= Richard Ohmann =

American literary critic (1931–2021)

Richard Malin Ohmann (July 11, 1931 – October 8, 2021) was an American literary critic.

Richard Malin Ohmann was born on July 11, 1931, in Shaker Heights, Ohio. He received a bachelor's degree in literature from Oberlin College in 1952 and a master's and doctorate from Harvard University in 1954 and 1960, respectively.

He began teaching at Wesleyan University in 1961, where he was the associate provost from 1966 to 1969. He was a full professor of English from 1966 and was named the Benjamin Waite Professor of the English Language at some point. Ohmann held a Guggenheim Fellowship in 1964–65.

Ohmann was a Marxist. At Wesleyan, he taught a course called "Economics of Fiction". In the late 1970s he designed and oversaw a Wesleyan course called "Towards a Socialist America."

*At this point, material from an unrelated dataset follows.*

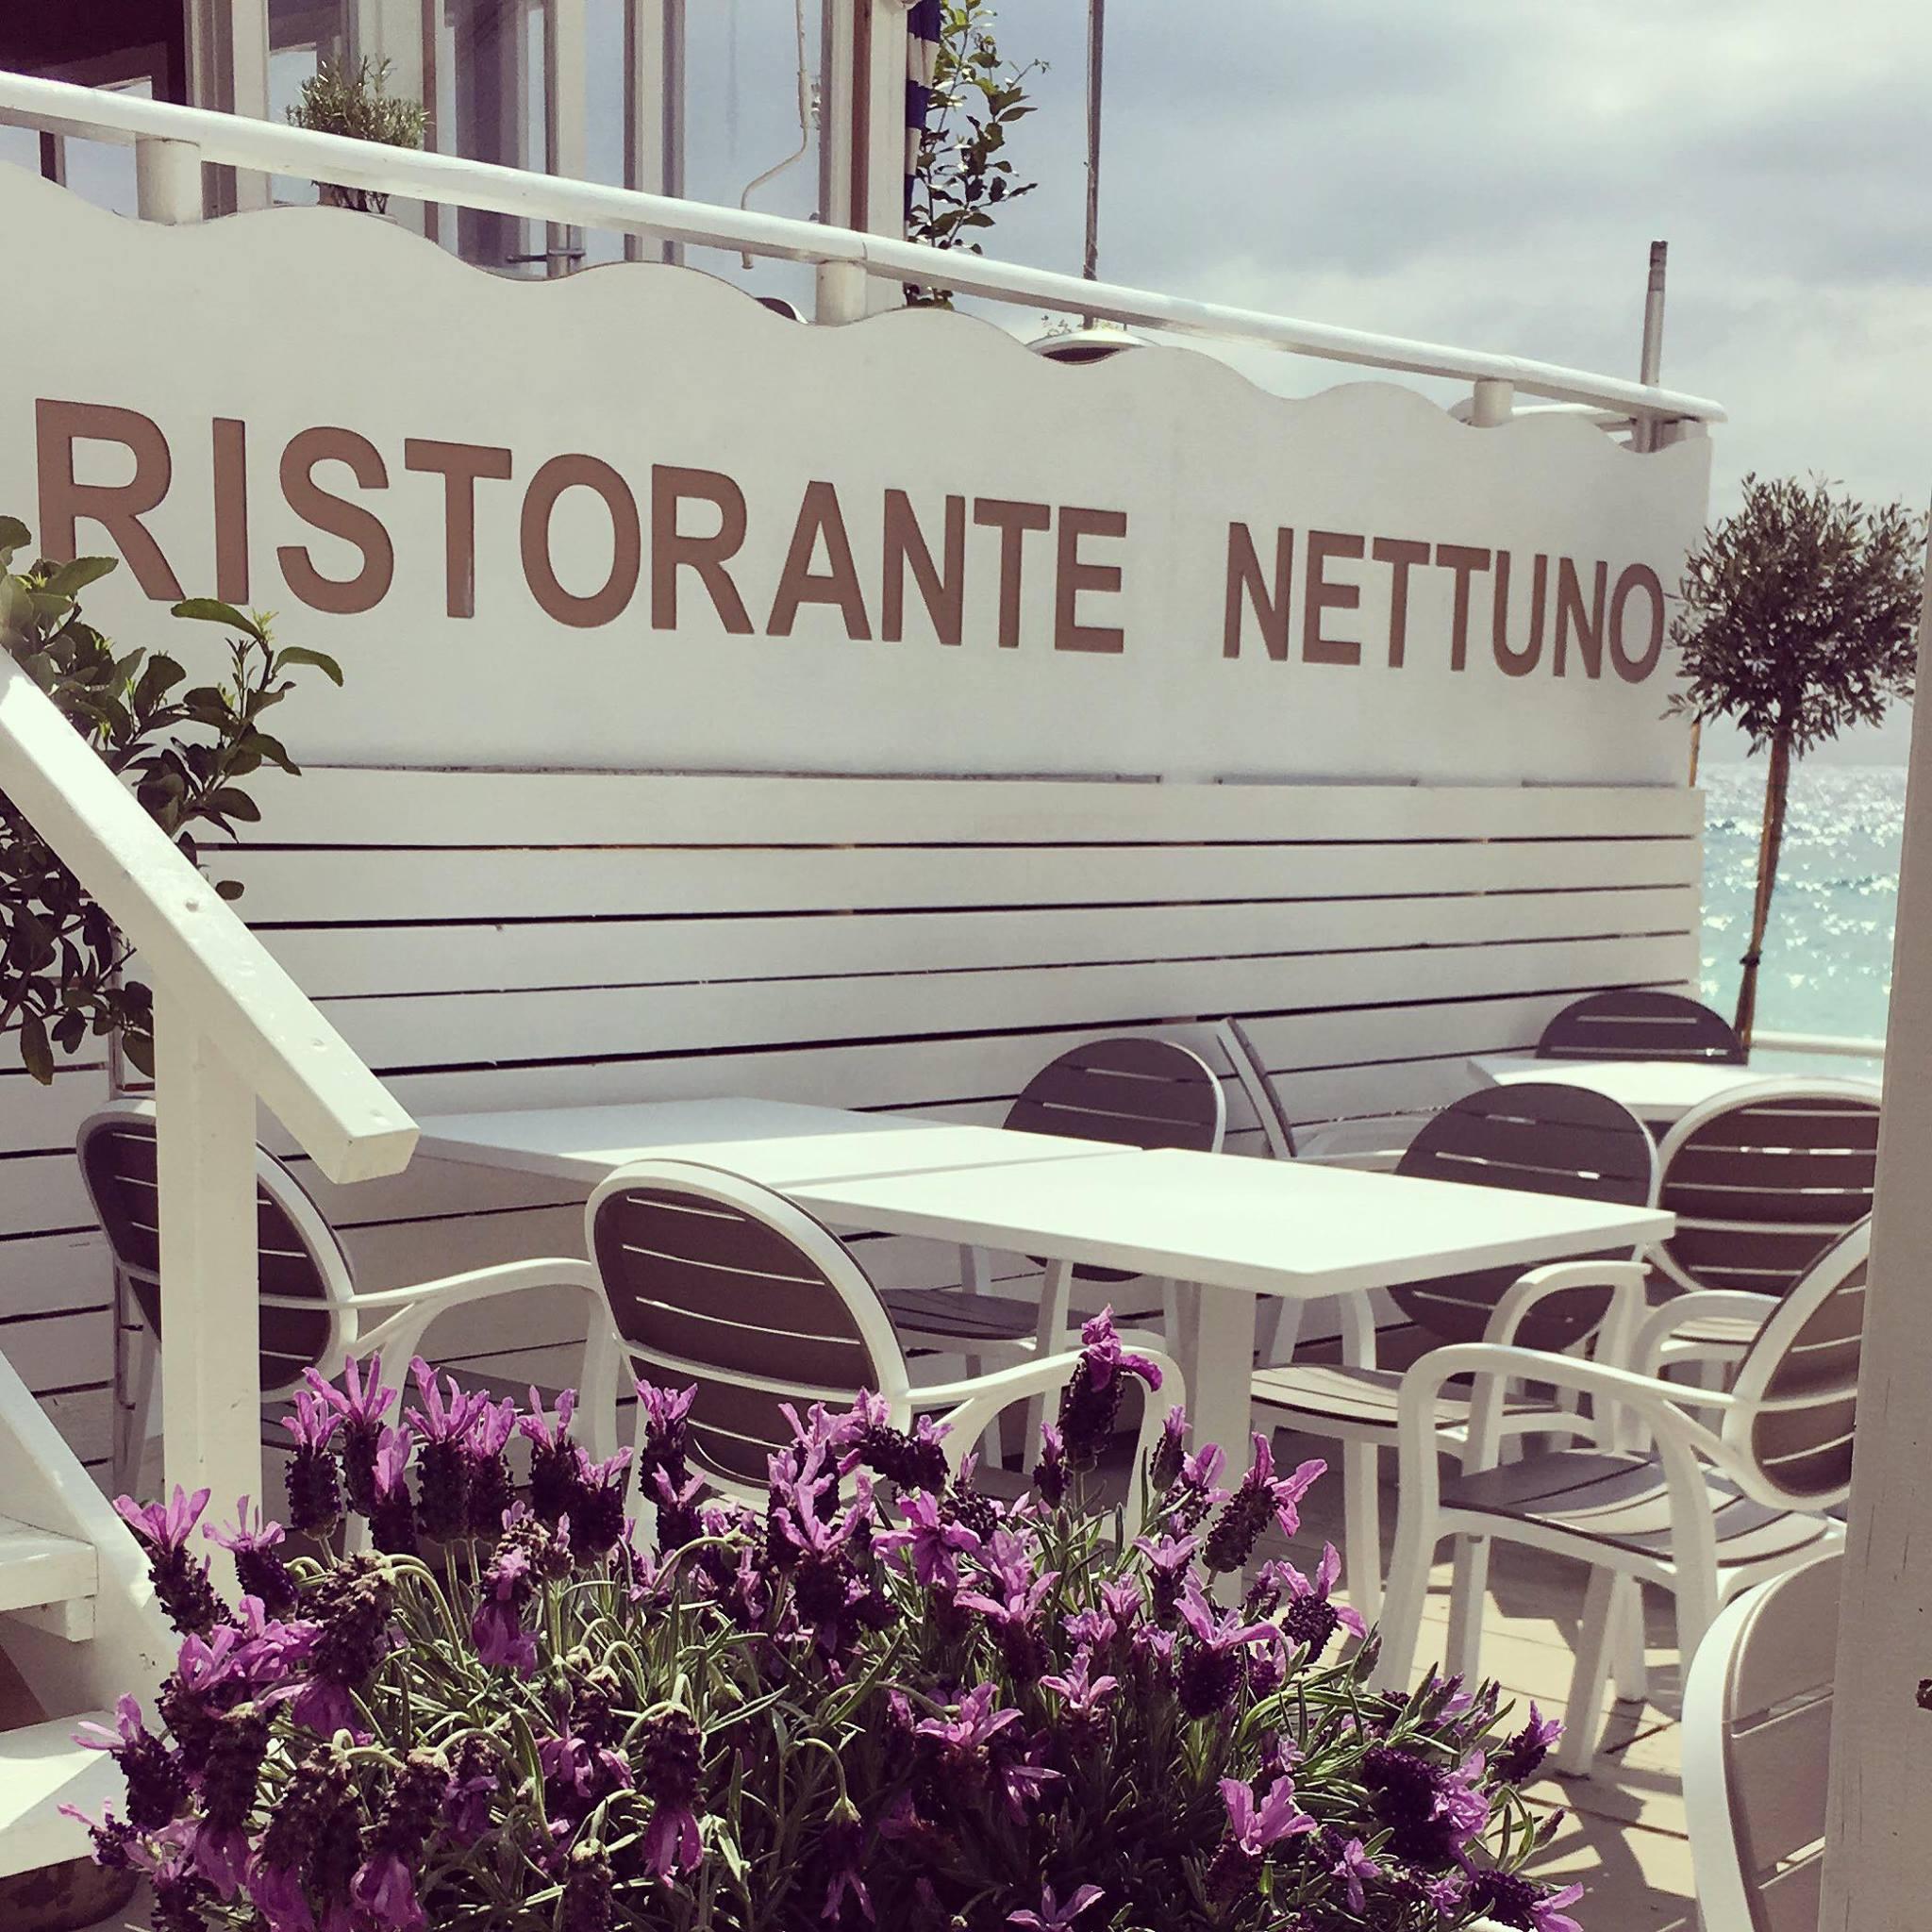 Bar Ristorante Nettuno

Ohmann died on October 8, 2021, in Hawley, Massachusetts.

== Books ==

- "Shaw: The Style and the Man" (1962)
- "English in America: A Radical View of the Profession" (1976) (one chapter by Wallace W. Douglas)
- "Politics of Letters" (1987)
- "Selling Culture: Magazines, Markets, and Class at the Turn of the Century" (1996)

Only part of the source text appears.